For all of the foregoing reasons, I would conclude that the language in the approxi*806mately 60 CBAs guaranteeing retiree health insurance benefits is ambiguous; therefore, I would reverse the district court and remand to the district court for further proceedings to determine the meaning of the CBAs.
. The City objected to the submission of some of the affidavits on hearsay and lack-of-foundation grounds. The district court considered the affidavits with respect to the promissory estoppel claim, but did not use the affidavits in deciding the contract issue. I do not use the affidavits to decide whether the CBAs are ambiguous, but merely to illustrate the history of the dispute before our court.
. The employee health insurance section can be found in the 2004-2006 Duluth Police Local CBA. Few of the other CBA excerpts, if any, contain this section.

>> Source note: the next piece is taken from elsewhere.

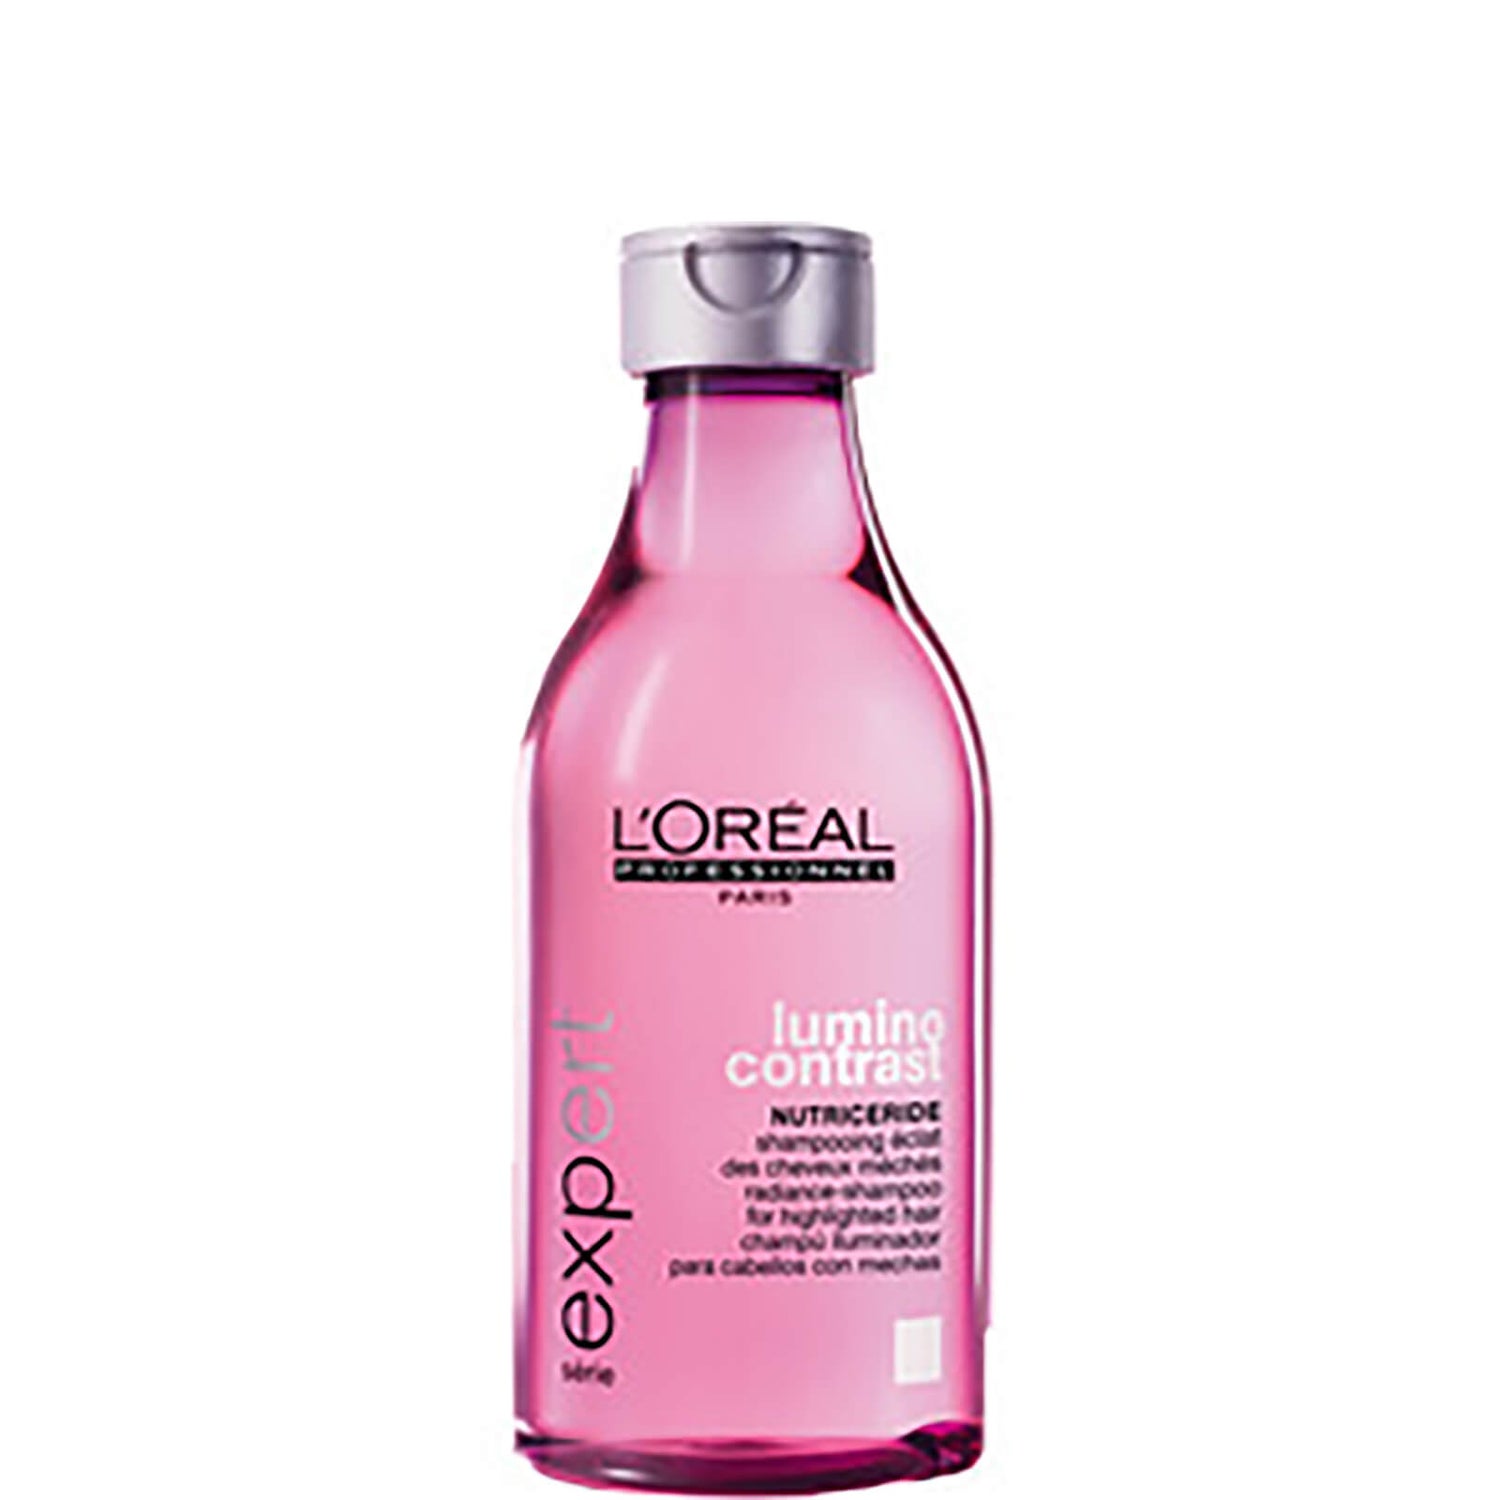 L'Oréal Professionnel Lumino Contrast Radiance Shampoo (250 ml)
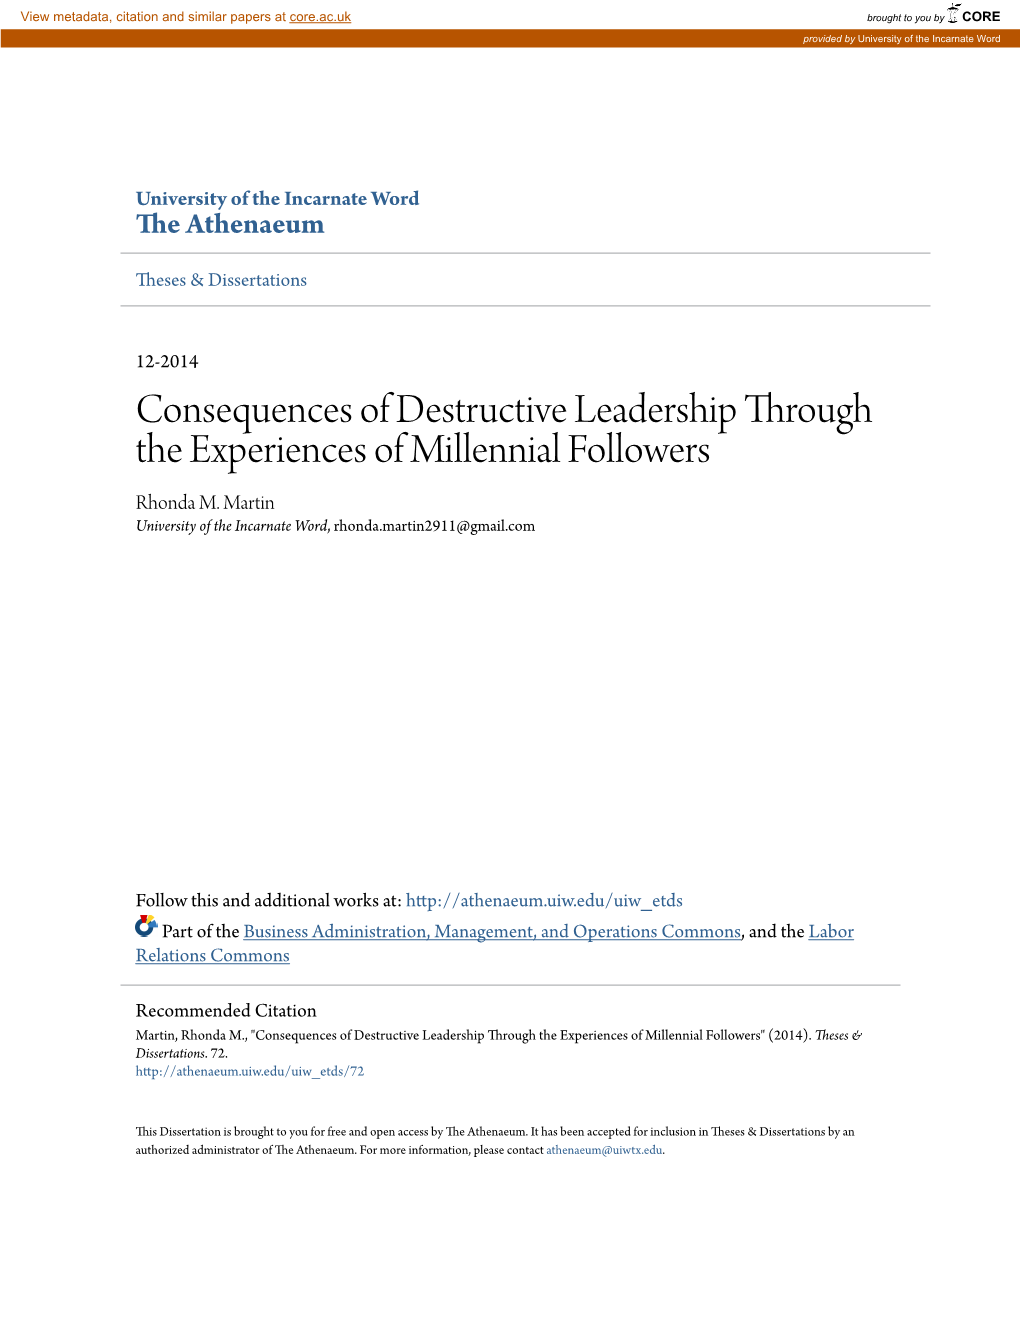 Consequences of Destructive Leadership Through the Experiences of Millennial Followers Rhonda M

. The majority faults the dissent for not "pointfing] to any specific language” from the CBAs in support of its analysis. But the majority misinterprets the point being made by the dissent. If there was specific language supporting the dissent's argument, language in the CBAs would unambiguously support Savela's interpretation and the CBAs would not be ambiguous. But the dissent was not able to find specific language that supports either the City's or Savela’s interpretation of the CBAs. It is precisely because there is no specific language supporting the positions of the parties that the dissent must look to other *804provisions of the CBAs in search of clarity. In this search, the dissent found no clarity but did find other reasonable interpretations for the term “active employees.”